Ghanaians are opposing the government’s decision to impose a Gh¢1 levy on every liter of fuel, including petrol, diesel, and LPG to settle over $3 billion in energy sector debt.
They are shocked that the government is adding more fuel taxes instead of exploring alternative solutions.
Many have taken to traditional and social media platforms to express objections to the levy, despite President John Dramani Mahama and some of his appointees defending it.
Ghanaians consume over 450 million liters of petrol, diesel, and LPG monthly.
According to National Petroleum Authority data for March 2025, petrol consumption was 232,497,100 liters, diesel consumption was 219,245,300 liters, and LPG consumption was 26,712,272 kilograms.
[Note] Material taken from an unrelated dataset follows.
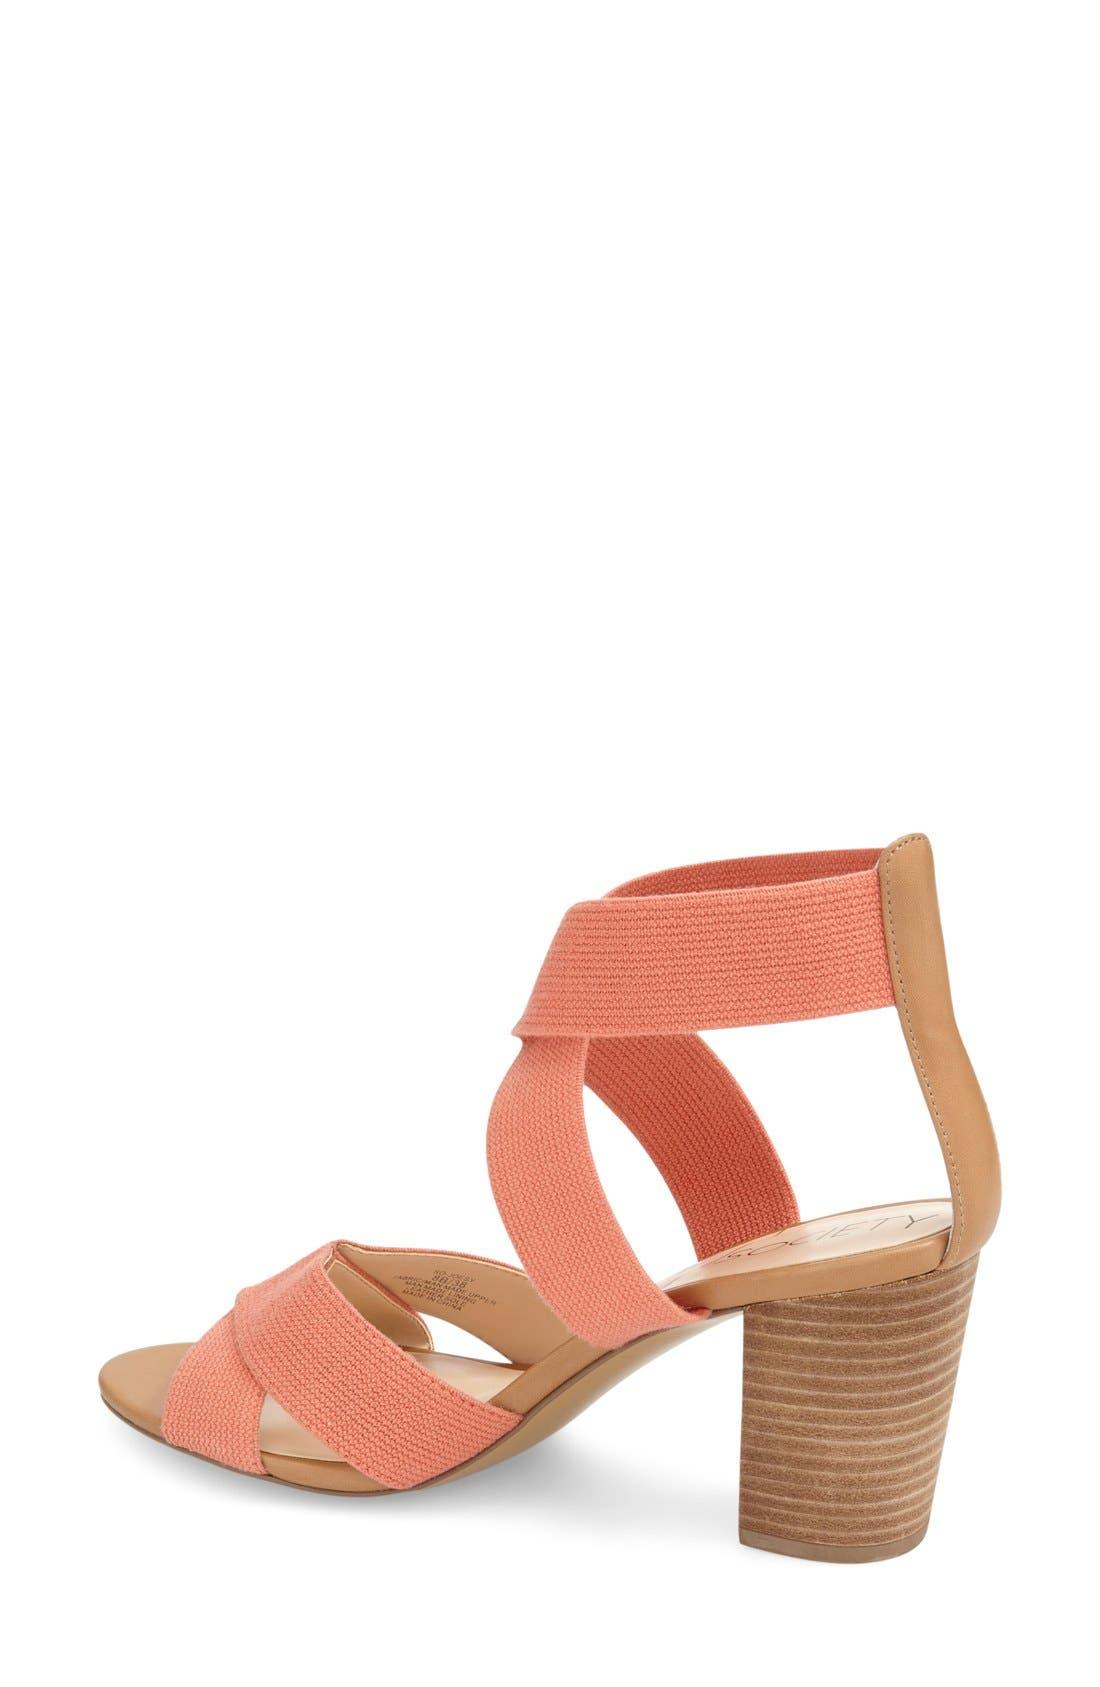 ,                             'Joesy' Block Heel Sandal,                             Alternate thumbnail 10, color,                             200

If the new Gh¢1 tax per liter is implemented, the government would generate over Gh¢450 million monthly.”
Energy sector civil society groups, including the Africa Centre for Energy Policy (ACEP) and the Chamber of Petroleum Consumers, Ghana, have raised concerns about the levy, describing it as a nuisance levy.
The Chamber of Bulk Oil Distributors (CBOD) and the Chamber of Oil Marketing Companies (COMAC) have also objected to the levy.
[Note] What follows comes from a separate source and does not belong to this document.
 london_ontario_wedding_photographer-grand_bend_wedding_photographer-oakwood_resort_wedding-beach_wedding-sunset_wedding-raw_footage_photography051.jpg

Commenting on the issue on Accra-based Joy FM, Benjamin Boakye, Executive Director of the Africa Centre for Energy Policy (ACEP), said: ‘Slapping an additional Gh¢1 on the consumer seems excessive. Essentially, every time you fill your car, you’re paying almost Gh¢200 to support the energy sector, covering years of inefficiencies. That’s a significant burden on the consumer.’
Mr. Boakye warned that businesses, particularly those with large fleets, would face substantial costs: ‘Companies with fleets would have to pay hundreds of thousands monthly to accommodate this adjustment. It won’t be an easy relief’.
In a statement expressing concern about the new fuel levy, the Chamber of Oil Marketing Companies (COMAC) noted that ‘the cumulative impact of rising taxes, limited margins, and increasing financial obligations threatens the sustainability of many Oil Marketing Companies (OMCs) and Liquefied Petroleum Gas Marketing Companies (LPGMCs) within the sector.’
The chamber warned that a significant number of OMCs/LPGMCs are already debt-burdened, and further fiscal pressure could lead to widespread insolvency, job losses, and broader economic disruption. COMAC emphasized that addressing energy sector debt shouldn’t compromise the downstream petroleum industry’s survival, competitiveness, or consumer protection, especially given structural inefficiencies in the power and electricity sectors.
The Chamber cautioned that rising LPG prices could force low-income households to revert to biomass fuels, undermining the government’s Cylinder Recirculation Model (CRM), public health, and environmental goals. COMAC demanded immediate engagement with the Ministry of Energy and relevant agencies to explore balanced, evidence-based policy solutions.
“We urge the government to collaborate with industry stakeholders to ensure fiscal policy decisions reflect operational realities, protecting business survival, promoting energy equity, and advancing Ghana’s development agenda,’’ COMAC said.
Executive Secretary of the Chamber of Petroleum Consumers (COPEC), Duncan Amoah, also commented on the new fuel levy, describing it as counterproductive and warning of dire consequences. ‘This move is like creating holes in our pockets and taking whatever you find; it doesn’t help,’ he stated.
Amoah emphasized that efforts should focus on stopping financial losses in the power sector. ‘For me, whatever we need to do to stop the bleeding in the power sector should be our key focus at this point,’ he said.
He noted that the recent fuel price reduction would be rendered meaningless by the levy. ‘We were excited about the fuel price reduction, though we said it was woefully inadequate. But if fuel prices drop by 0.50 pesewas and we now have to pay an additional Gh¢1.00, the relief will be lost.’
Amoah warned that fuel vendors would likely increase prices, undoing any relief: ‘People selling fuel at Gh¢12.52 will now sell at Gh¢13.52. Adding other costs, we’ll be back to the high levels we protested against. With the cedi depreciating, the consequences of this levy will be dire for all of us.’